C’était un événement très soudain où la surprise précédait de si peu la mort que l’expression est restée bien vivante.

(3) – Je ne sais si vous tirer larigot occasionnellement ou même plus souvent mais je vous demande de ne plus le faire sans avoir lu ces quelques lignes.
Soyons raisonnable : la Rigaud n’est pas une bonne fille du premier plateau, portée sur la chose et prompte à chenailler avec le premier gaillu de passage.
La Rigaud était le nom de baptême de la grande cloche de la cathédrale de Rouen. Il fallait se mettre à plusieurs pour la tirer, avant qu’avec plaisir elle émette son bruit, la Rigaud. Et après on arrosait ça. Et quand on avait bien arrosé, on arrosait encore. Pour dire vrai, on buvait à tire-larigot (1518).

(4) – Pétaud viendrait du latin petere, demander, mendier. La pétaudière vient de la Cour du roy Pétauld où chascun est maître (1594) ce qui est le début de l’anarchie.
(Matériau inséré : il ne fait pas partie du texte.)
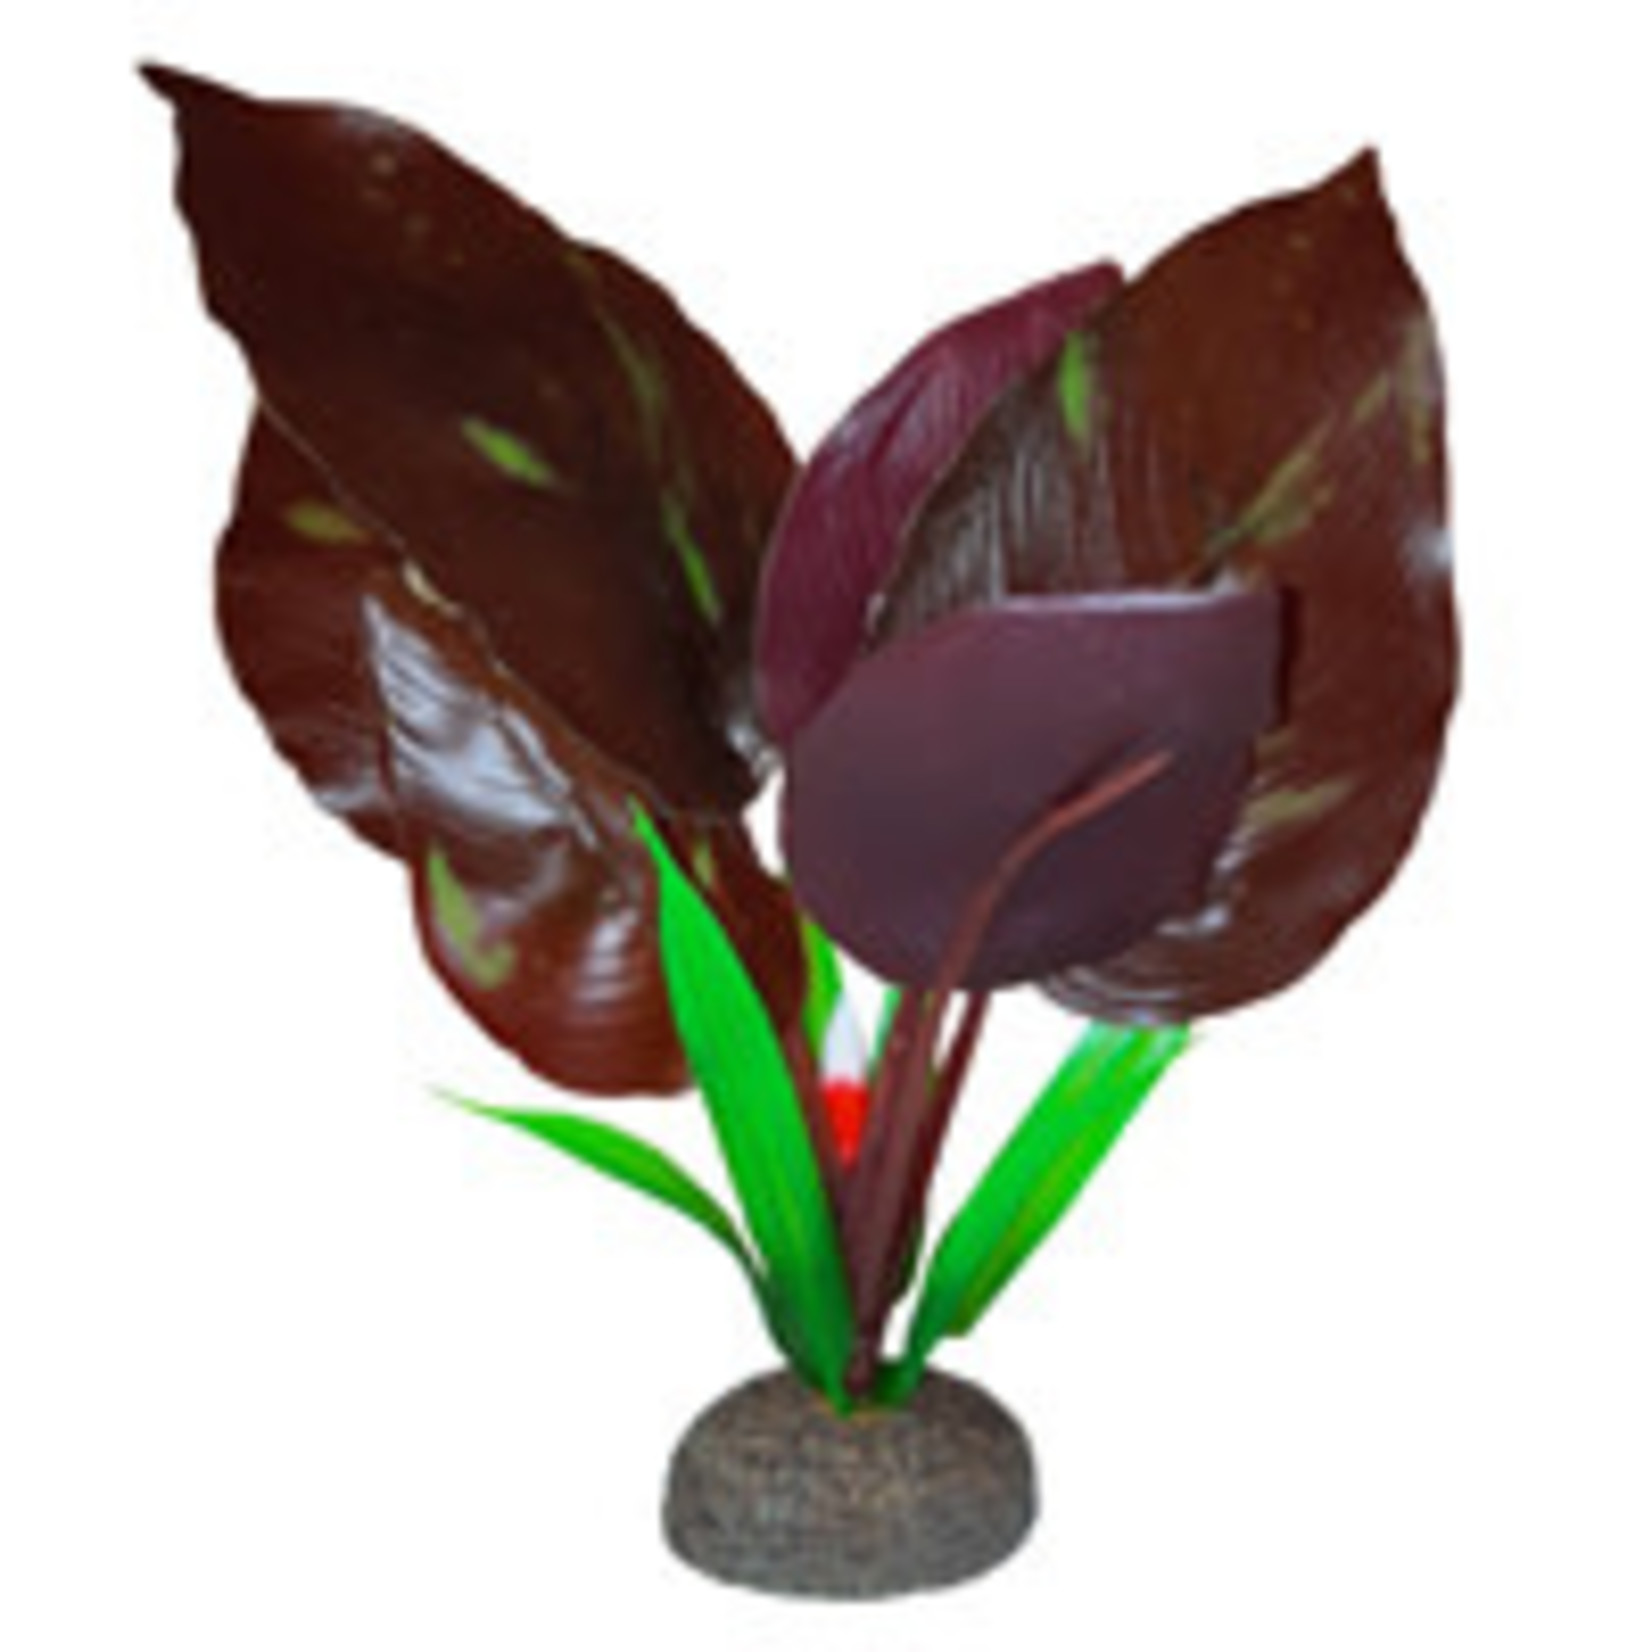 Fluval Betta Premium Red Lizard Plant, 6 in / 15 cm

(5) – Il n’est pas rare que les débats parlementaires tournent à la pétaudière. C’est même une règle comparable aux matches à élimination directe qui se terminent parfois par les tirs au but.
Un exemple troublant est la séance du 16 mars 2023. On est en pleine réforme des retraites ! Élisabeth Borne annonce recourir aux 49.3. C’est la confusion, les huées, des pancartes hostiles brandies, des Marseillaises à tue-tête de droite comme de gauche, des suspensions de séances comme s’il en pleuvait, une Première Ministre inaudible pendant toute son intervention.
Il y avait un précédent. Dans Les Pieds Nickelés ministres (1911) Louis Forton nous raconte Ribouldingue ministre de la Guerre, Croquignol à l’Intérieur et Filochard aux Finances. On peut trouver des exemplaires entre 6 et 14 € sur Le Bon Coin. C’est le récit d’une pétaudière, certes, mais qui évidemment n’atteint pas les sommets de la séance du 16 mars 2023 car en général la réalité dépasse la fiction.